**MATERIAL FOR THE TASK:**
______________________________
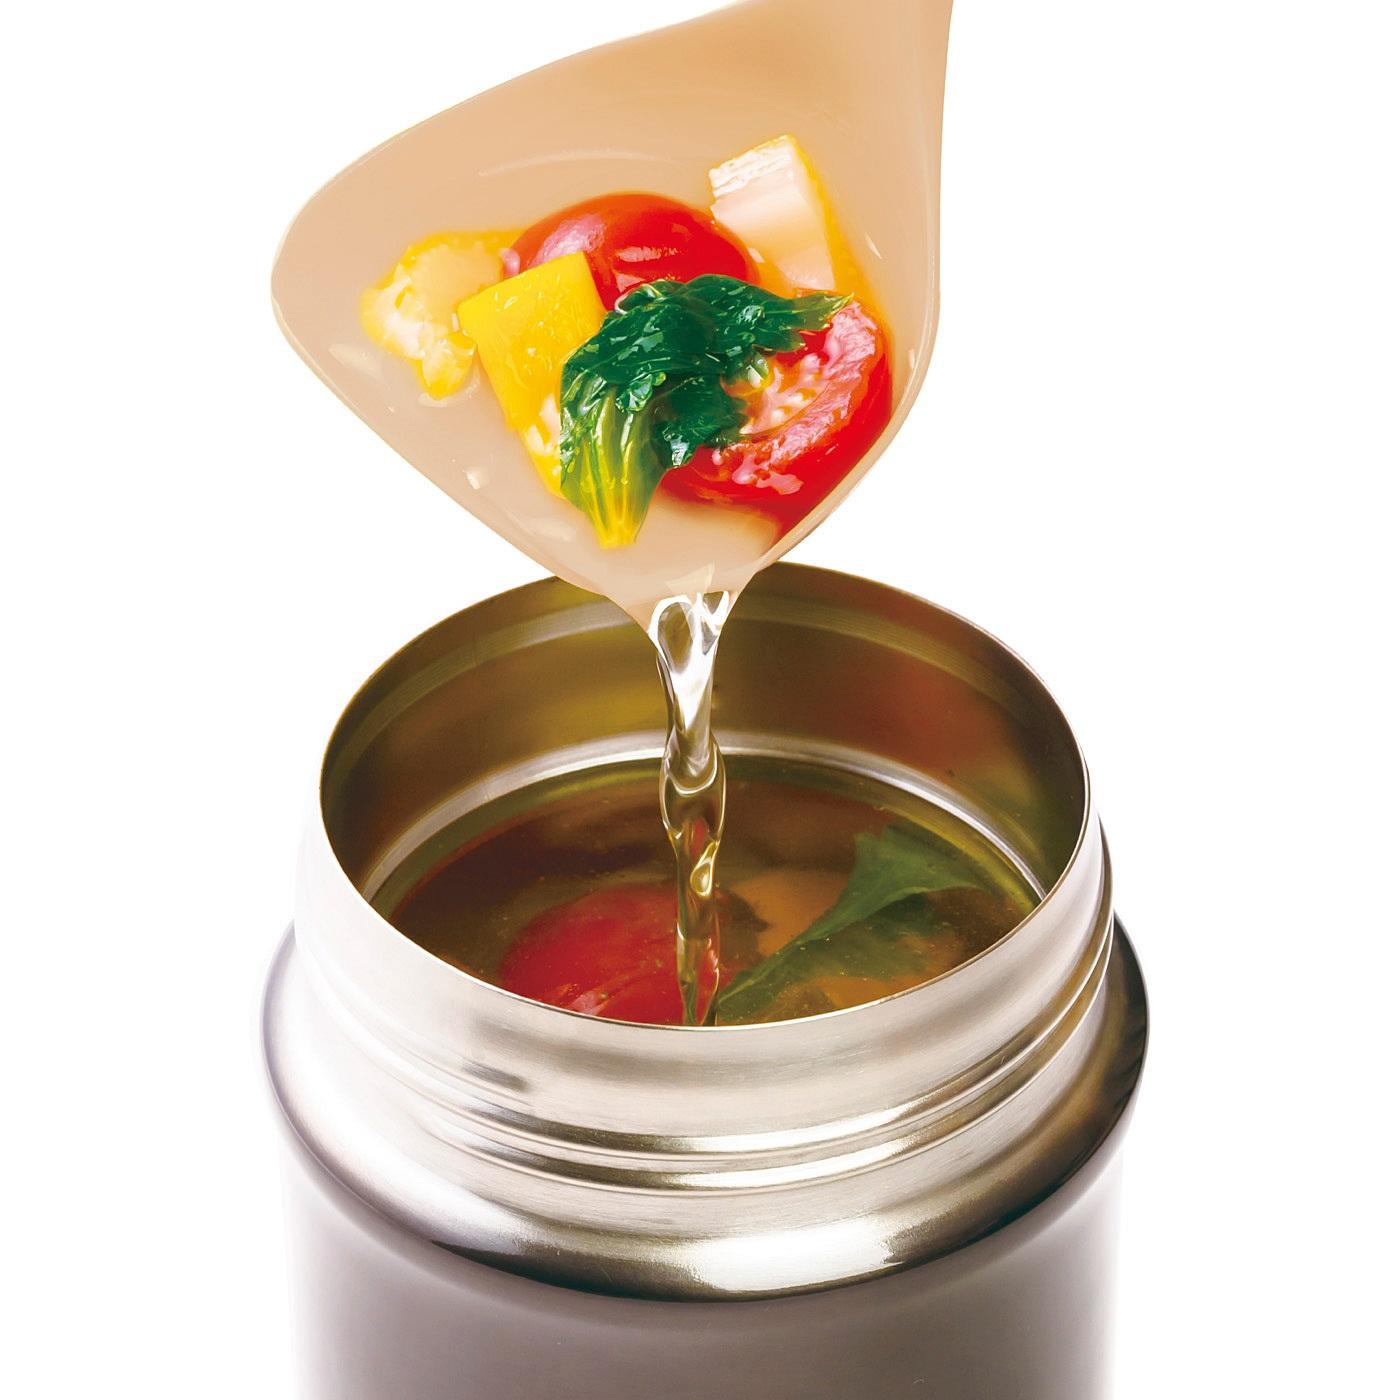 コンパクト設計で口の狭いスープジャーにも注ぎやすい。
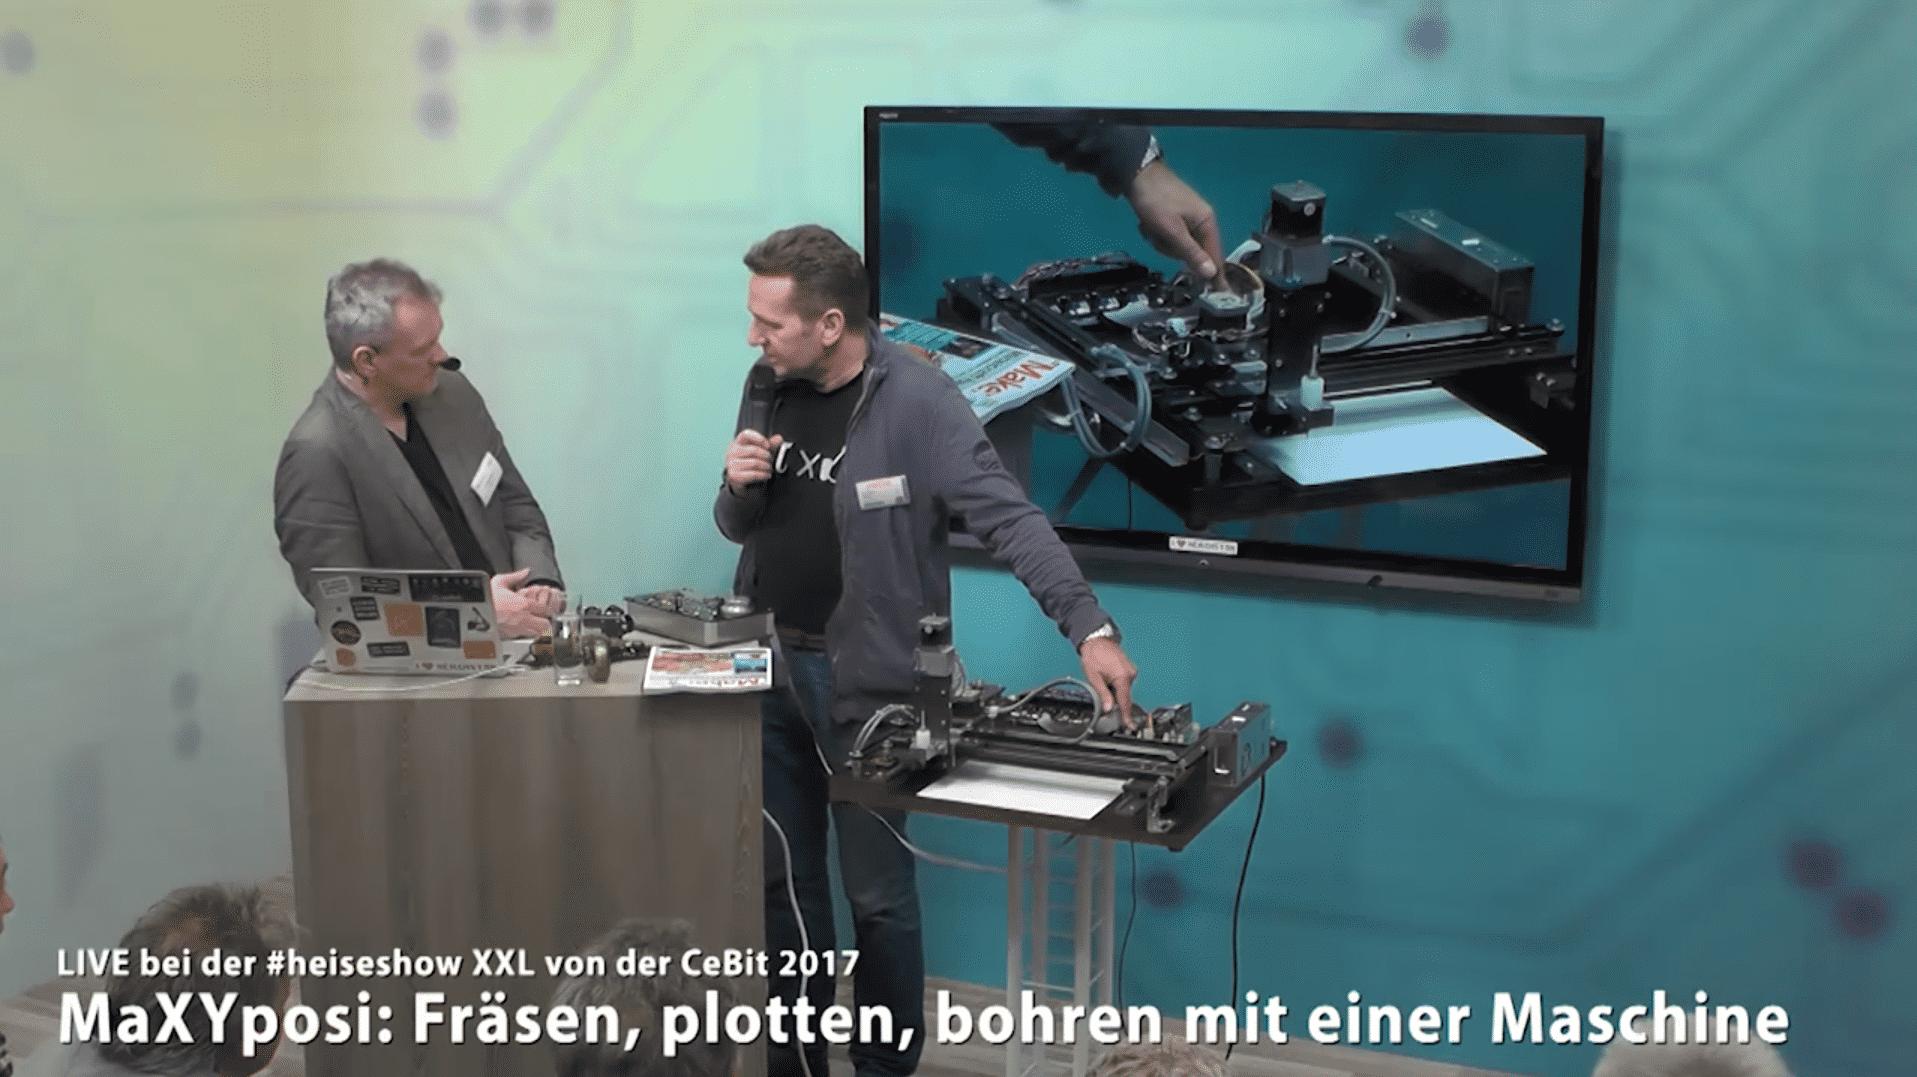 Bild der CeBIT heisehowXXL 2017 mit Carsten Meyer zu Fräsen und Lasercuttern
______________________________
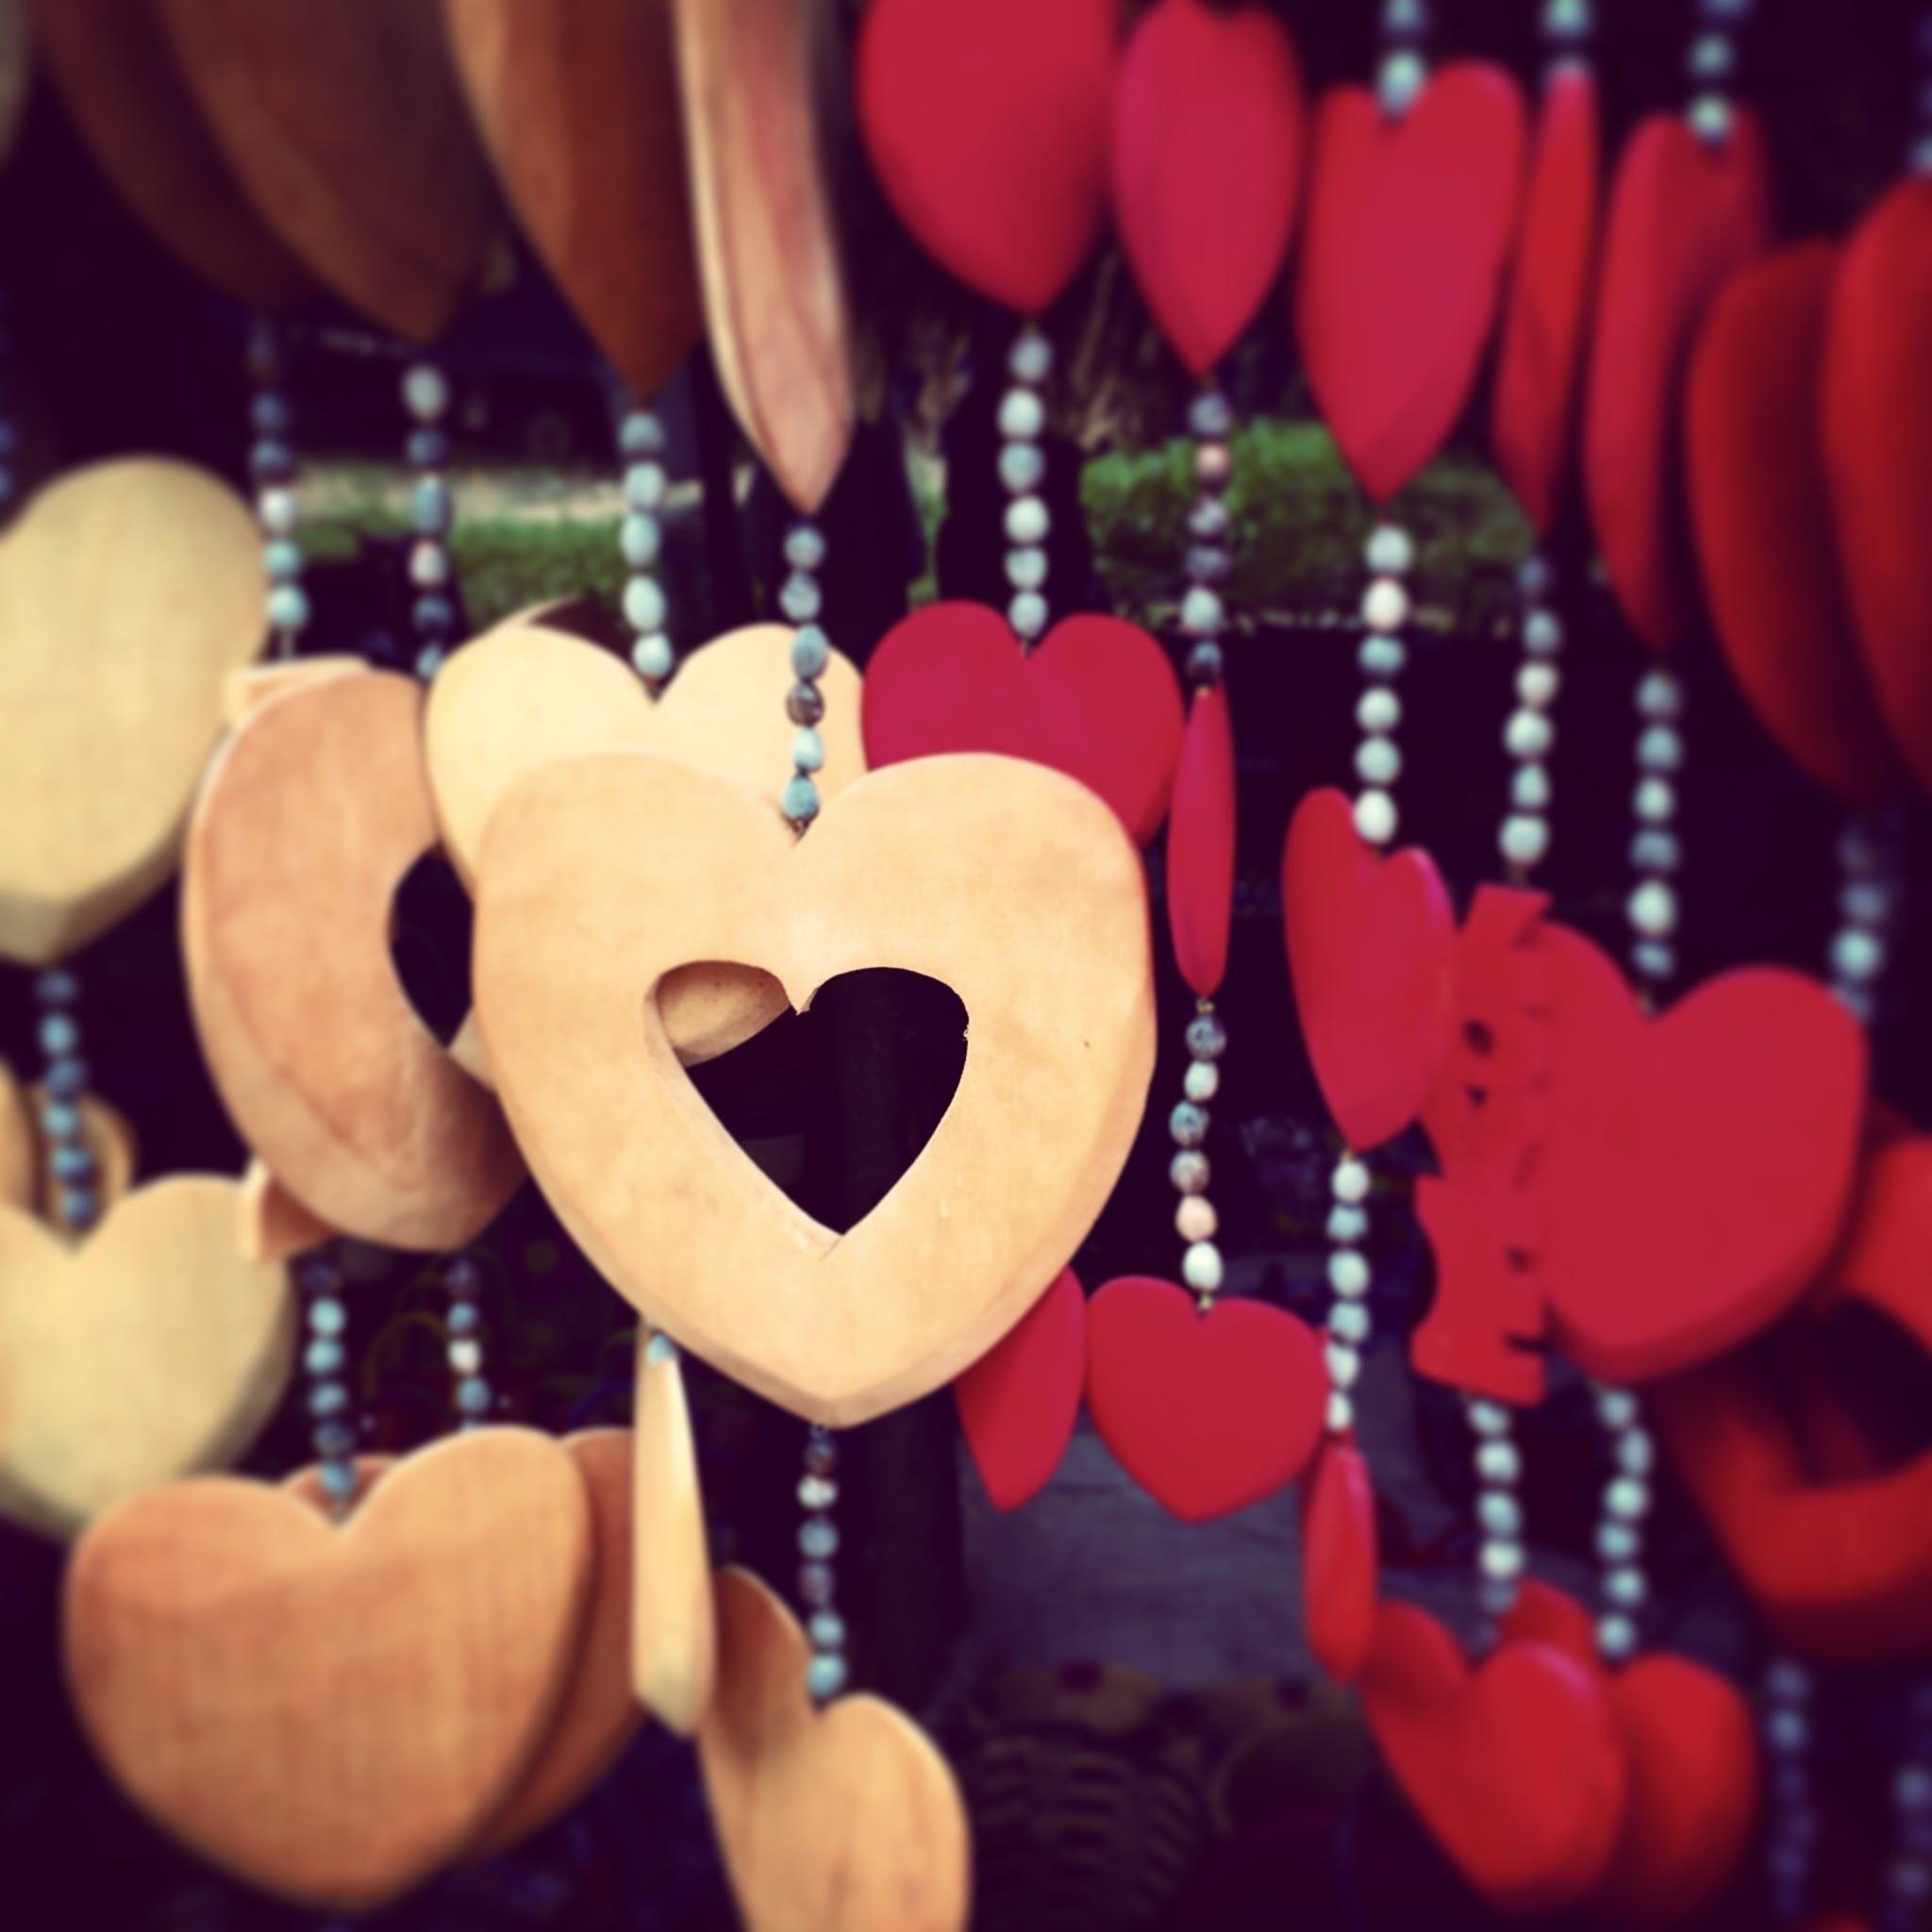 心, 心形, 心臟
______________________________
**TRY IT:** Transcribe, exactly and without pictures, everything in the data from the line with "コンパクト設計で口の狭いスープジャーにも注ぎやすい。" down to the line with "Bild der CeBIT", both included.

**OUTPUT OF THE TASK:**
 コンパクト設計で口の狭いスープジャーにも注ぎやすい。
 Bild der CeBIT heisehowXXL 2017 mit Carsten Meyer zu Fräsen und Lasercuttern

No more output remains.